Bevacizumab therapy should not be initiated for at least 28 days following major surgery or until the surgical wound is fully healed. In patients who experience wound healing complications during Bevacizumab treatment, Bevacizumab should be withheld until the wound is fully healed. Bevacizumab therapy should be withheld for elective surgery (see Clinical Studies under Adverse Reactions).
Necrotizing fasciitis, including fatal cases, has rarely been reported in patients treated with Bevacizumab; usually secondary to wound healing complications, gastrointestinal perforation or fistula formation. Bevacizumab therapy should be discontinued in patients who develop necrotizing fasciitis, and appropriate treatment should be promptly initiated (see Post marketing experience under Adverse Reactions).
Proteinuria (see Adverse Reactions): In clinical trials, the incidence of proteinuria was higher in patients receiving bevacizumab plus chemotherapy compared to those who received chemotherapy alone. Grade 4 proteinuria (nephrotic syndrome) was seen in up to 1.4% of patients treated with Bevacizumab. In the event of nephrotic syndrome, Bevacizumab treatment should be permanently discontinued.
Hypersensitivity reactions, infusion reactions (see Clinical Studies and Post marketing experience under Adverse Reactions): Patients may be at risk of developing infusion/hypersensitivity reactions. Close observation of the patients during and following the administration of Bevacizumab is recommended as expected for any infusion of a therapeutic humanized monoclonal antibody. If a reactions occur, the infusion should be discontinued and appropriate medical therapies should be administered. A systematic premedication is not warranted.

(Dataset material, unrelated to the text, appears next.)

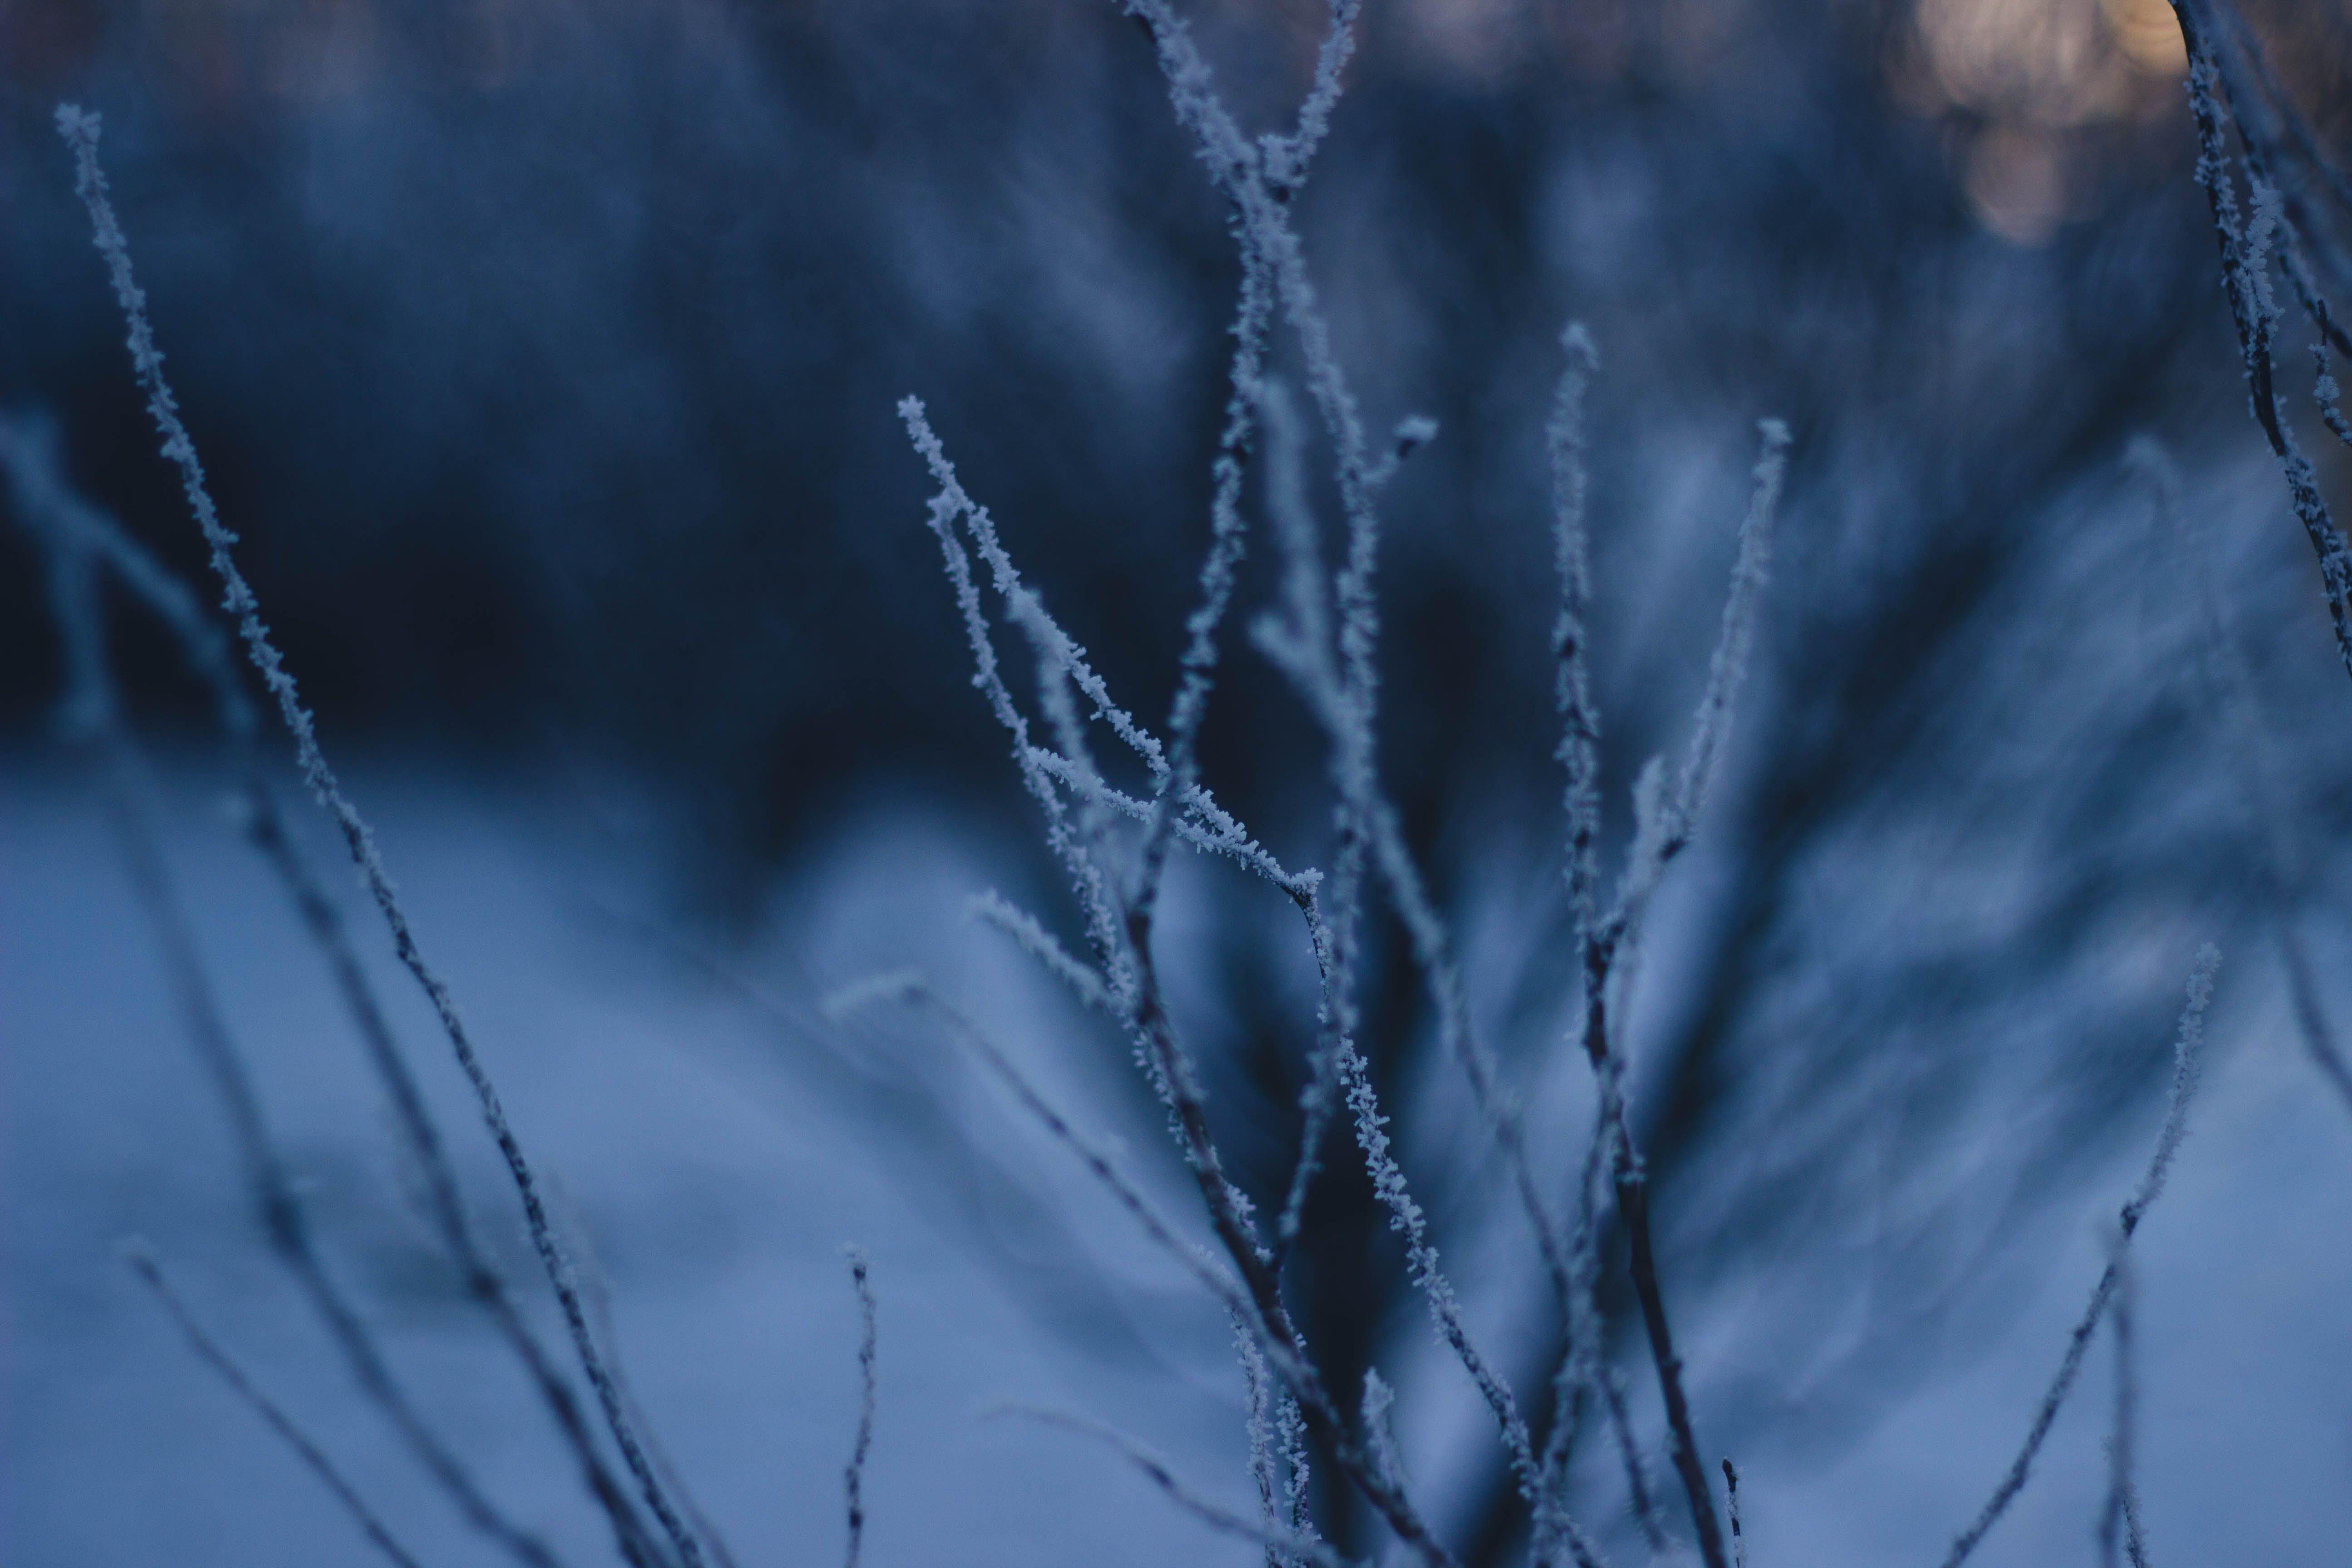 Kostenloses Stock Foto zu dunkel, frost, gefroren, kalt

Ovarian Failure/Fertility (see Females and Males of Reproductive Potential under Use in Pregnancy & Lactation and Clinical Studies under Adverse Reactions): Bevacizumab may impair female fertility. Therefore, fertility preservation strategies should be discussed with women of childbearing potential prior to starting treatment with bevacizumab.
RENAL IMPAIRMENT: The safety and efficacy of Bevacizumab have not been studied in patients with renal impairment.

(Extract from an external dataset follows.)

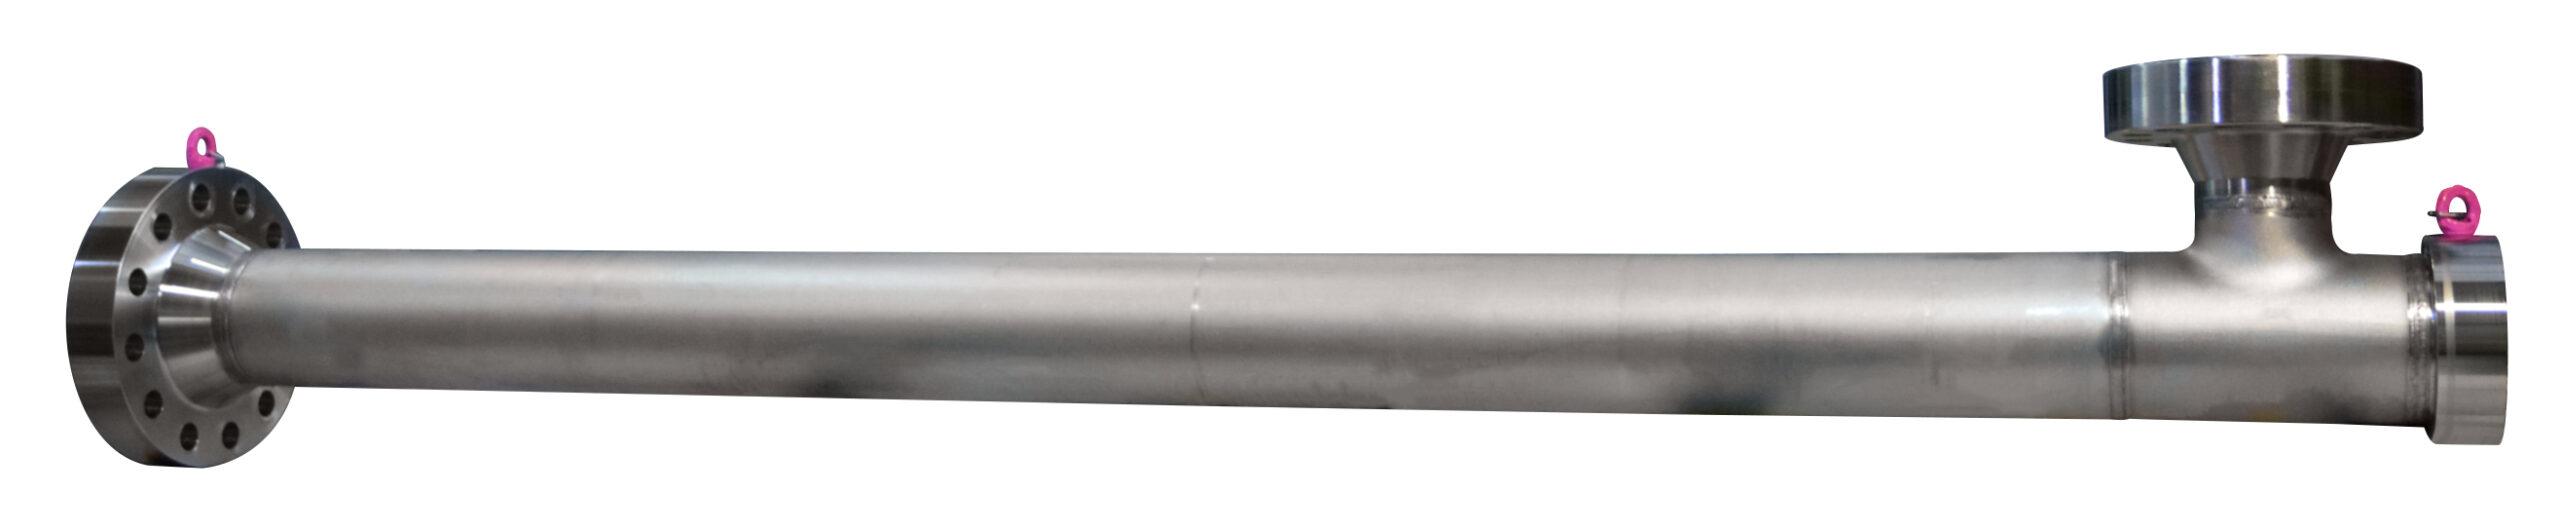 Transvac size 8 Liquid Jet Compressor for Aramco Materials: Duplex (UNS S31803) with Ceramic Internals

HEPATIC IMPAIRMENT: The safety and efficacy of Bevacizumab have not been studied in patients with hepatic impairment.
DRUG ABUSE AND DEPENDENCE: Not applicable.
EFFECTS ON ABILITY TO DRIVE AND USE MACHINES: No studies on the effect on the ability to drive and use machines have been performed. However, there is no evidence that Bevacizumab treatment result in an increase in adverse events that might lead to impairment of the ability to drive or operate machinery or impairment of mental ability.
Use in Children: Bevacizumab is not approved for use in patients under 18 years of age. The safety and efficacy of bevacizumab in this population have not been established. Addition of Bevacizumab to standard of care did not demonstrate clinical benefit in pediatric patients in two phase II clinical trials; one in pediatric high grade glioma and one in pediatric metastatic rhabdomyosarcoma or non-rhabdomyosarcoma soft tissue sarcoma.
In published reports, cases of osteonecrosis at sites other than the jaw have been observed in patient under the age of 18 years exposed to Bevacizumab (see Post marketing experience under Adverse Reactions and Pharmacology: Toxicology: Non-clinical Safety: Other: Physeal Development under Actions).
Use in the Elderly: Refer to Arterial thromboembolism as previously mentioned.